Recorded information »
══════════
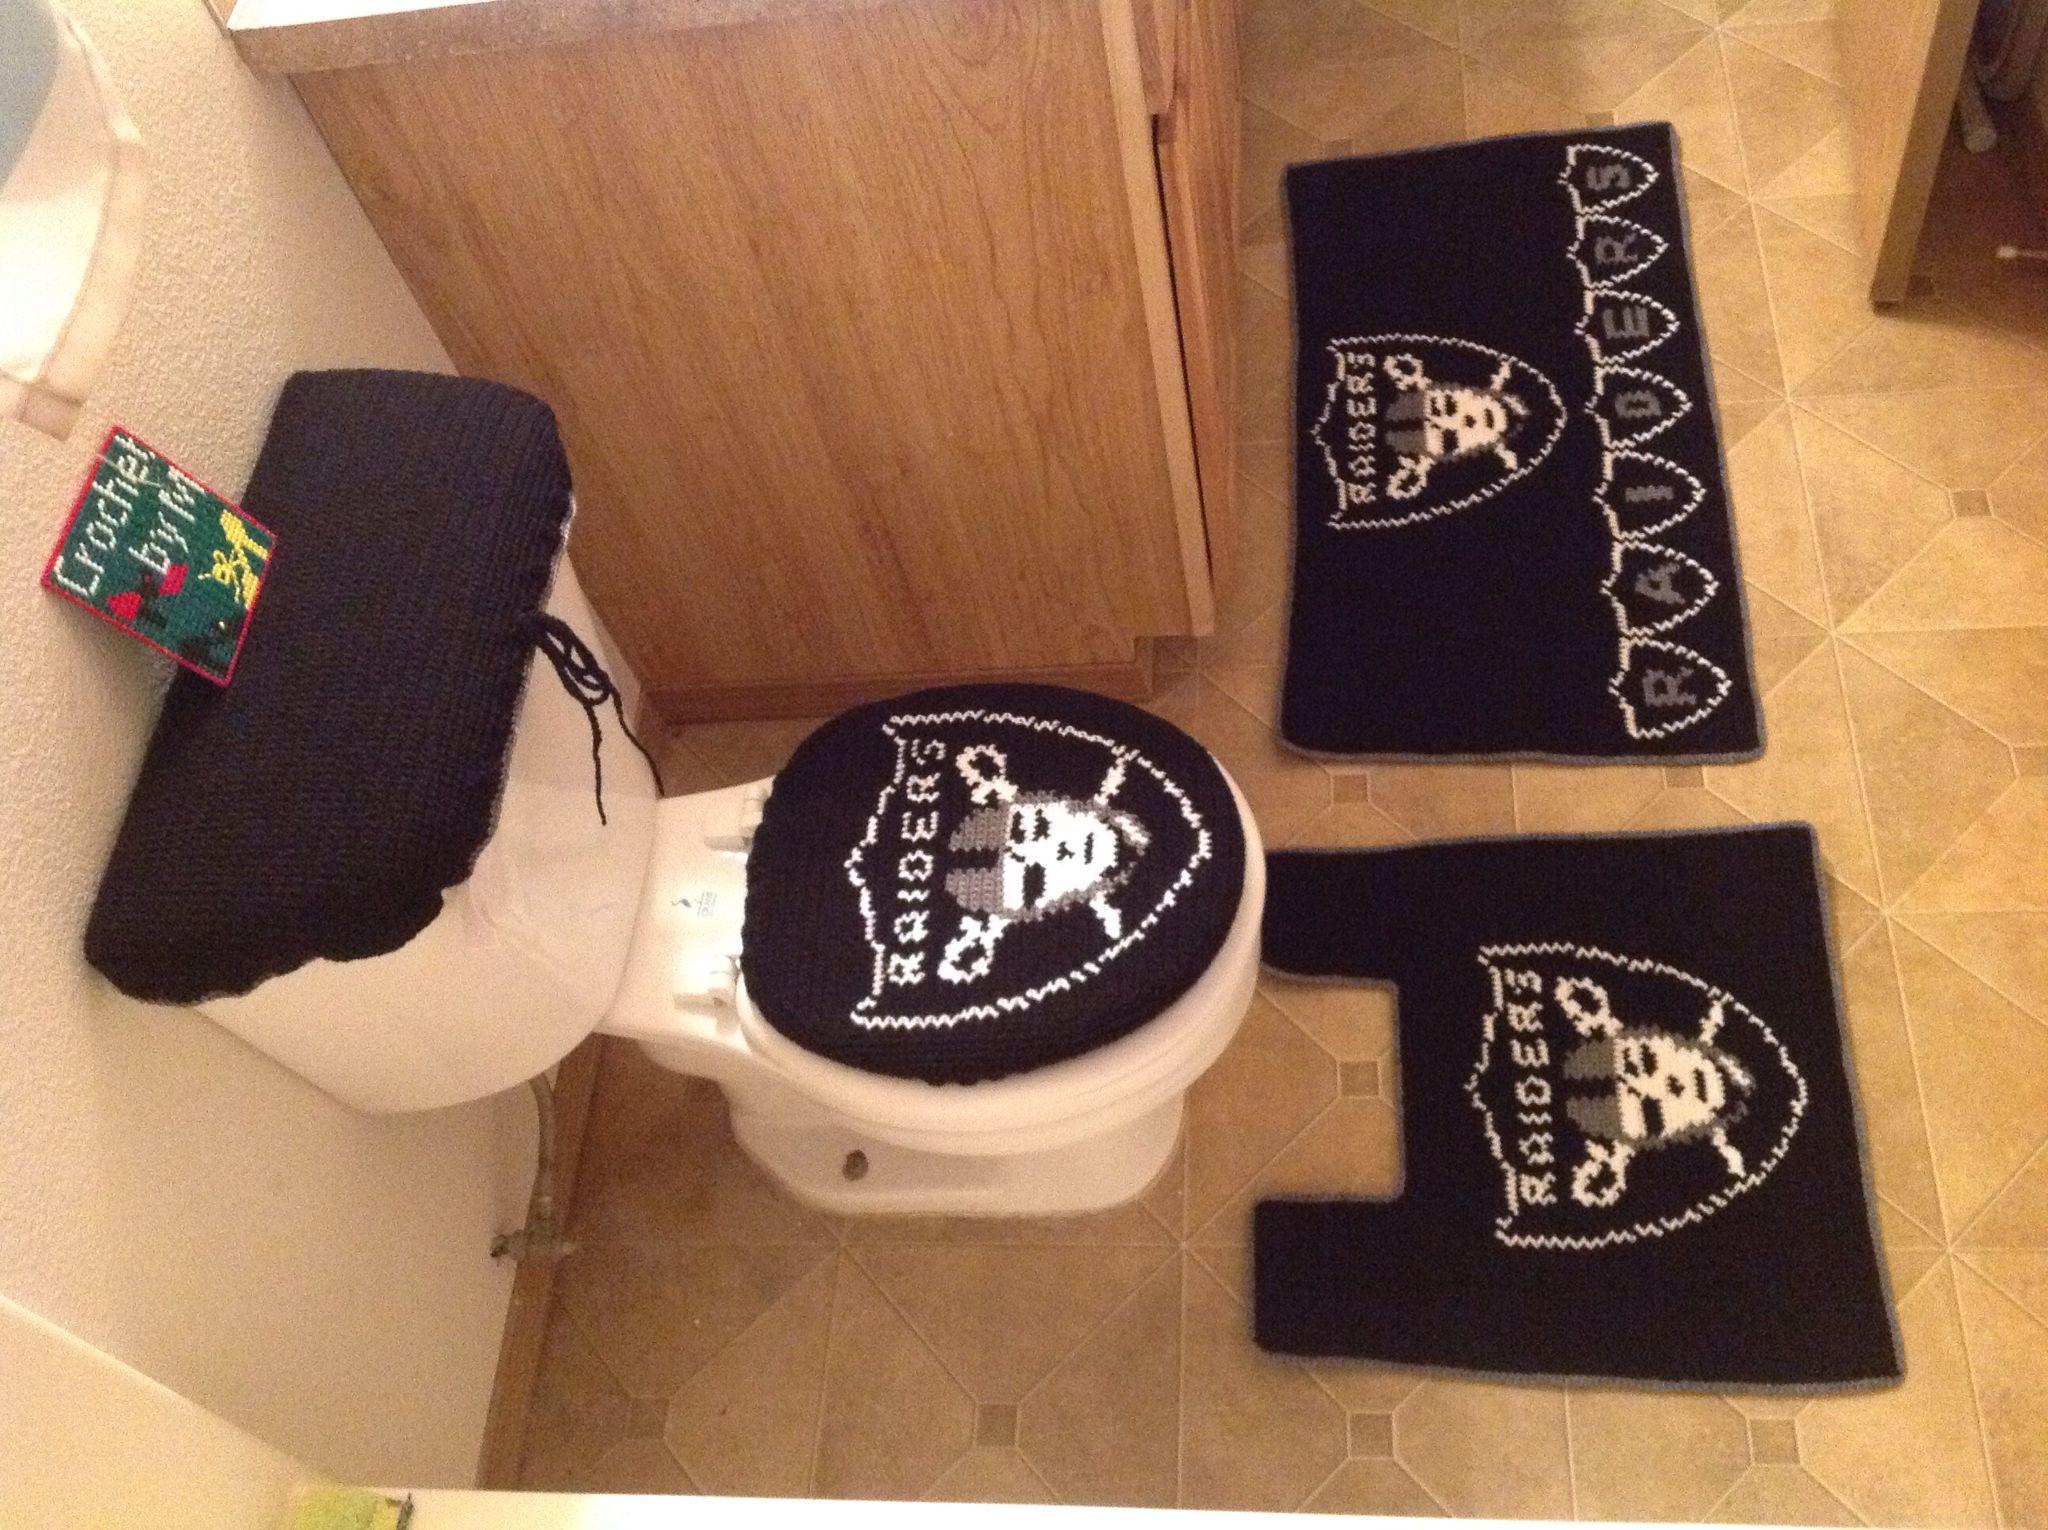 Crochet Raiders bathroom set  Crochet by me M. Crochet Raiders bathroom set  Crochet by me M    Bathroom sets
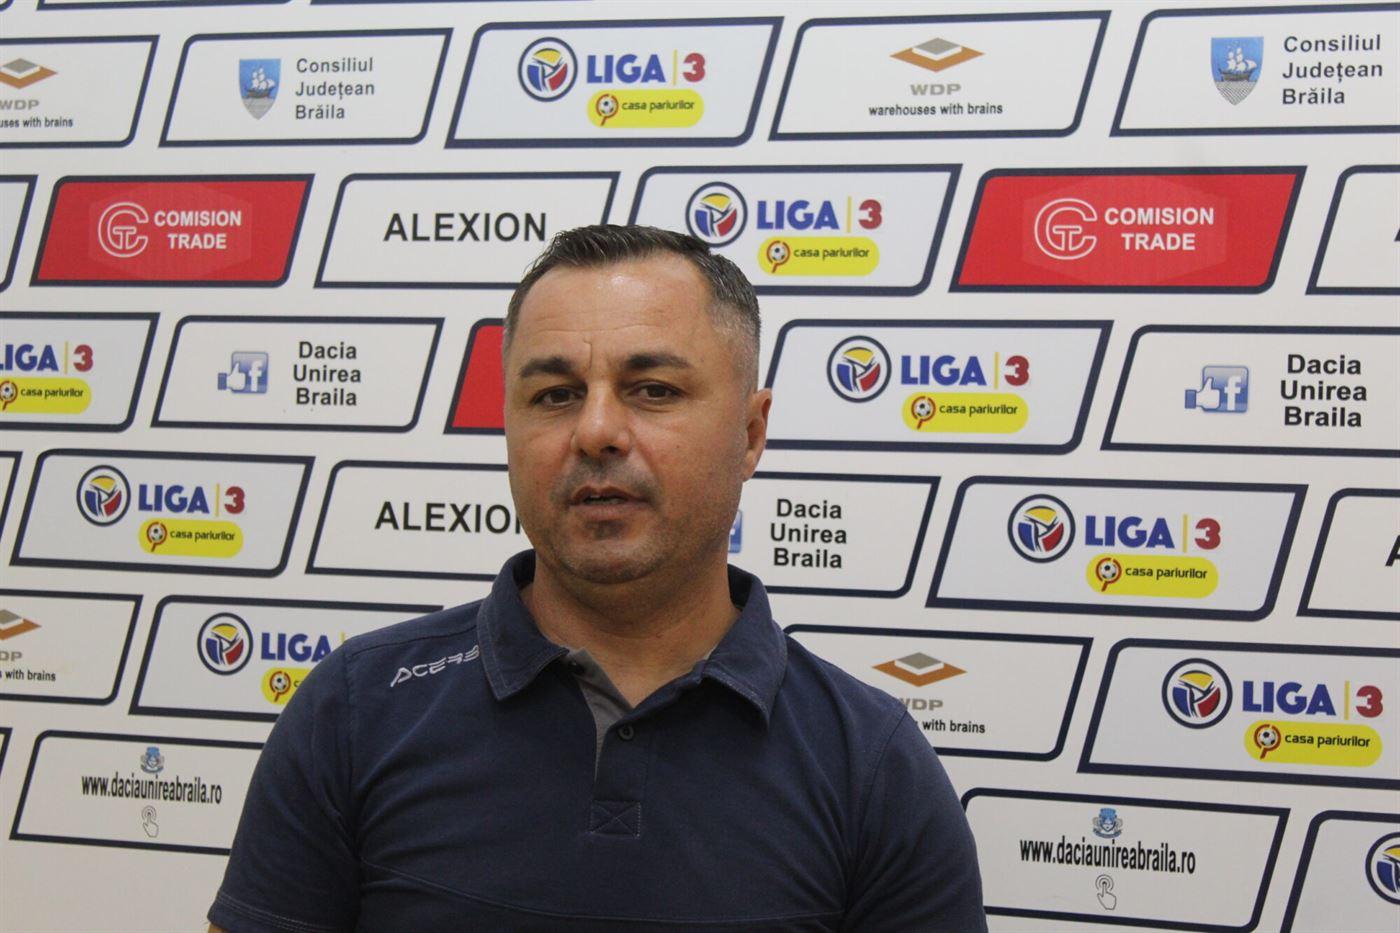 Dacia Unirea Brăila pregătită pentru startul noului sezon de Liga a 3-a
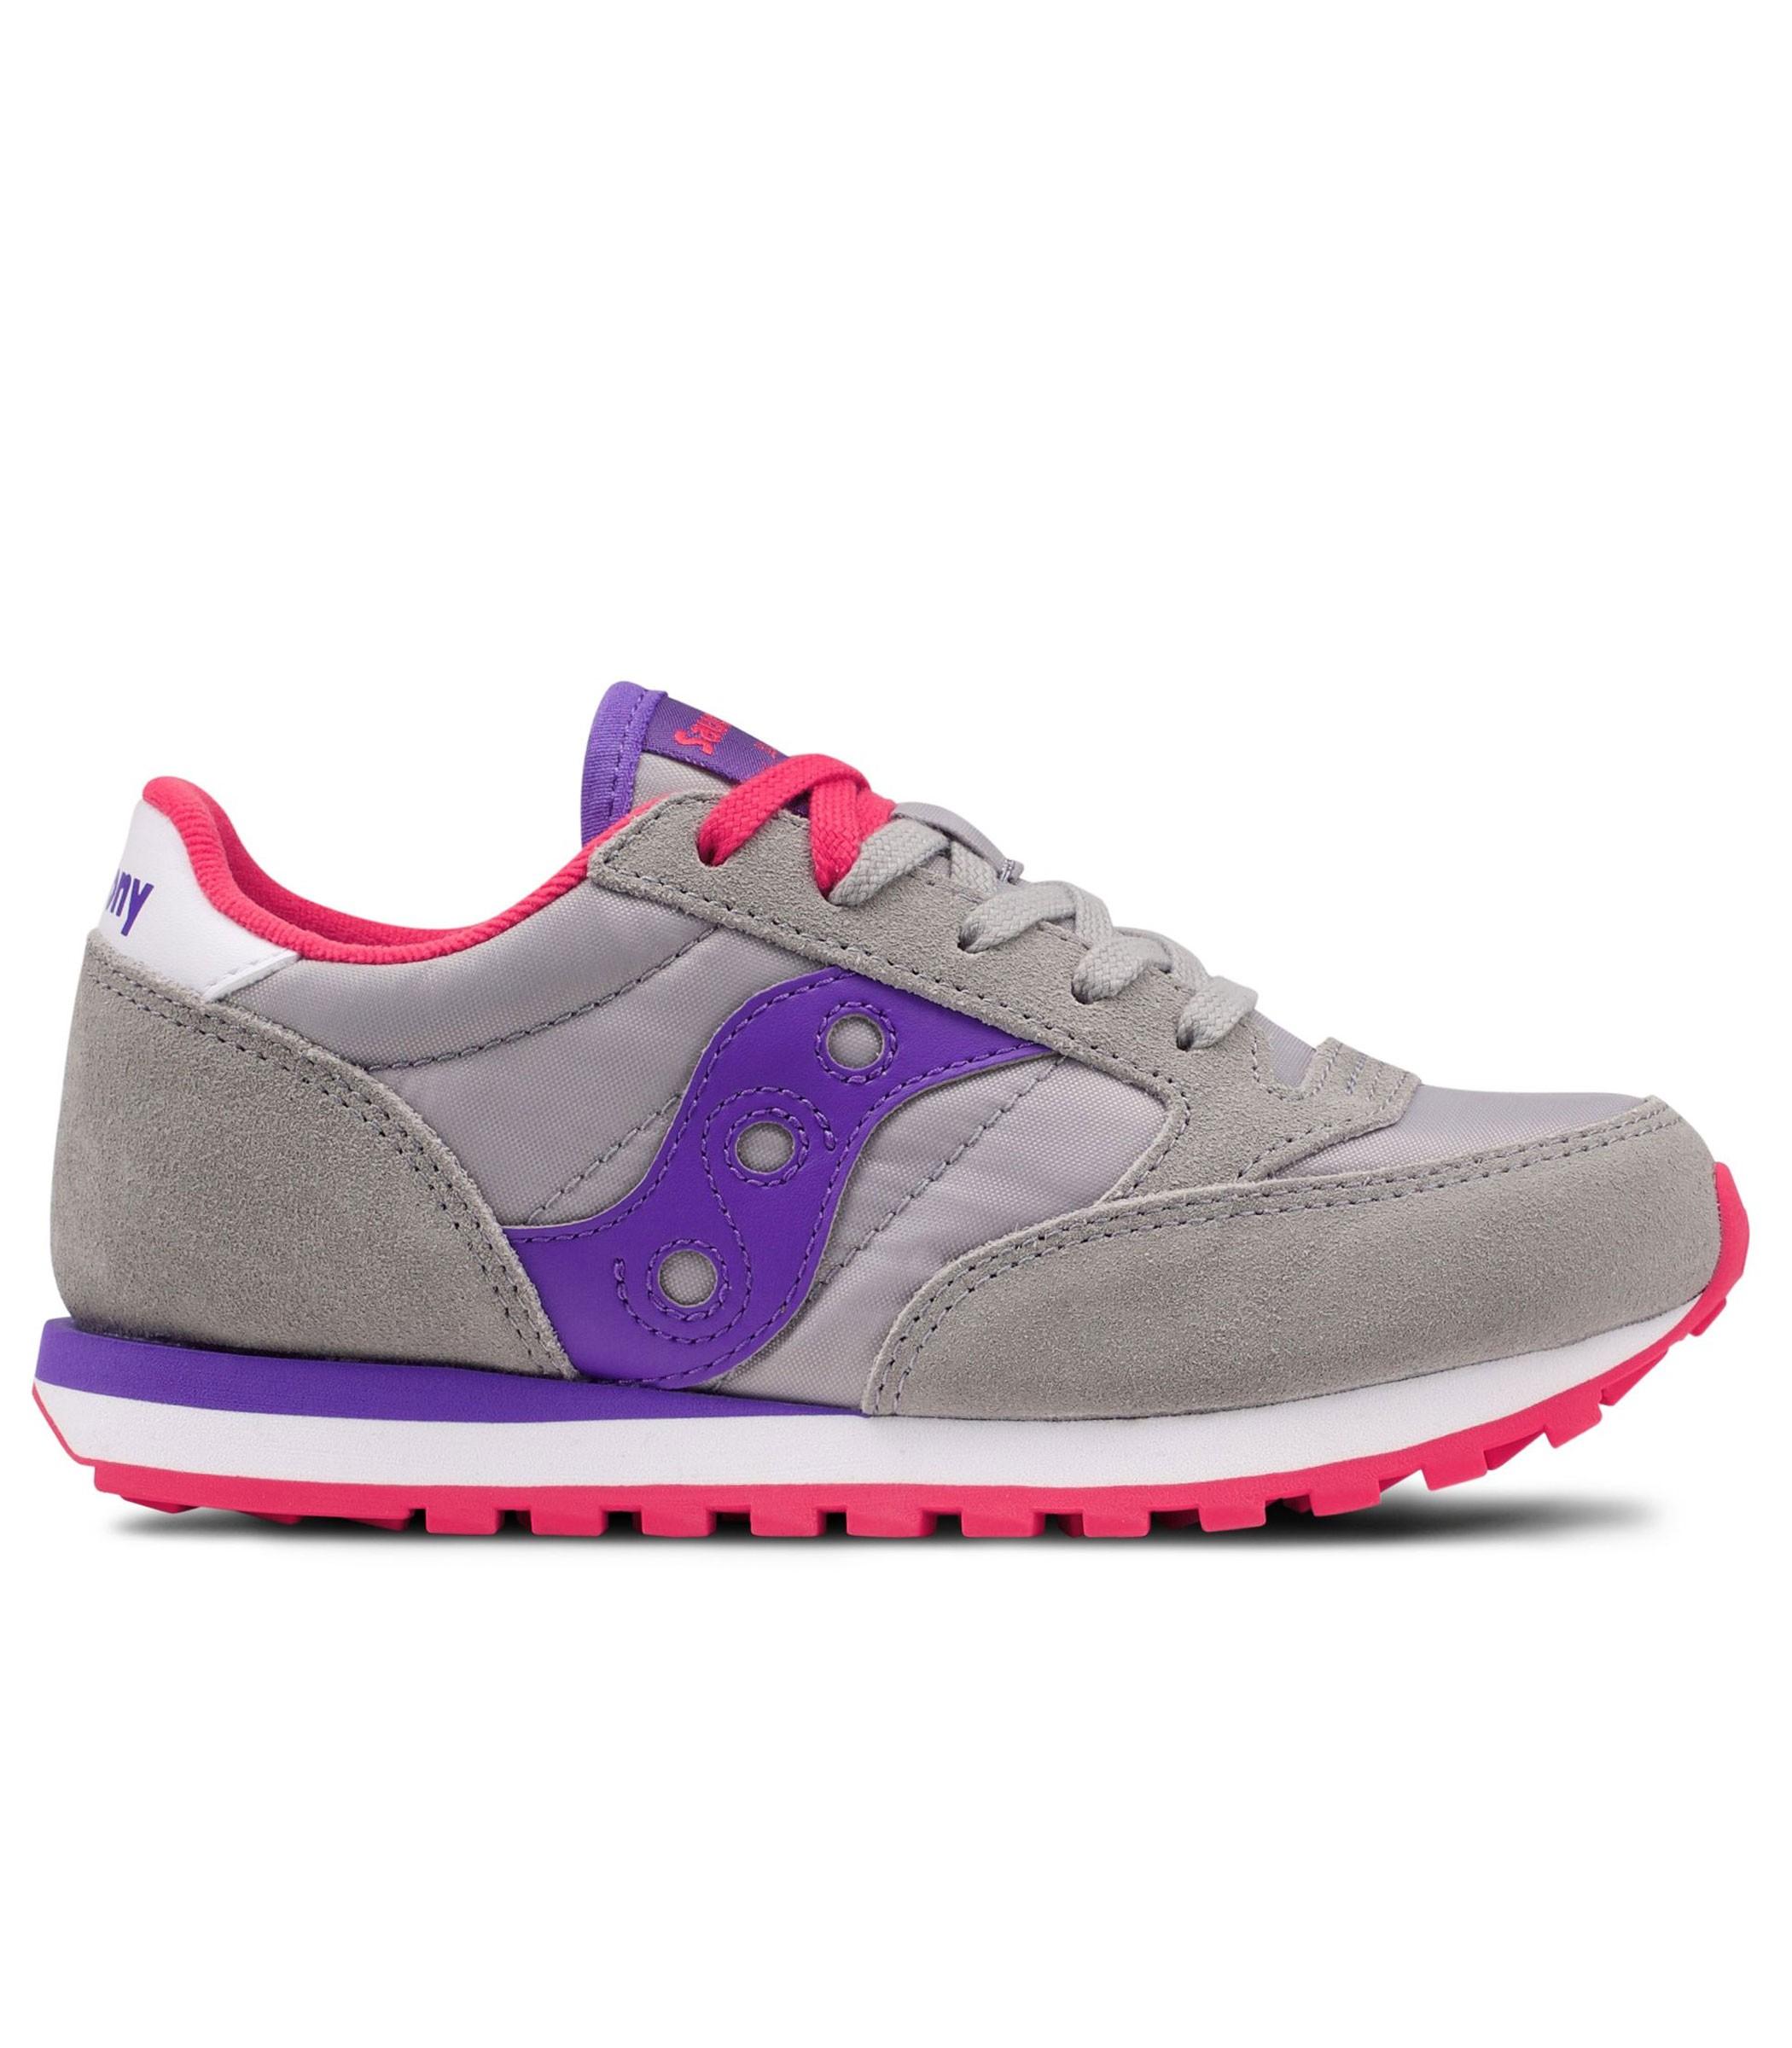 faa8b57012a9 Scarpe Saucony Jazz Original Grey Purple Young Unisex rif. SK159612Y
══════════
Exercise directions » Retype the data above verbatim, minus images.

Answer section »
 Crochet Raiders bathroom set  Crochet by me M. Crochet Raiders bathroom set  Crochet by me M    Bathroom sets
 Dacia Unirea Brăila pregătită pentru startul noului sezon de Liga a 3-a
 faa8b57012a9 Scarpe Saucony Jazz Original Grey Purple Young Unisex rif. SK159612Y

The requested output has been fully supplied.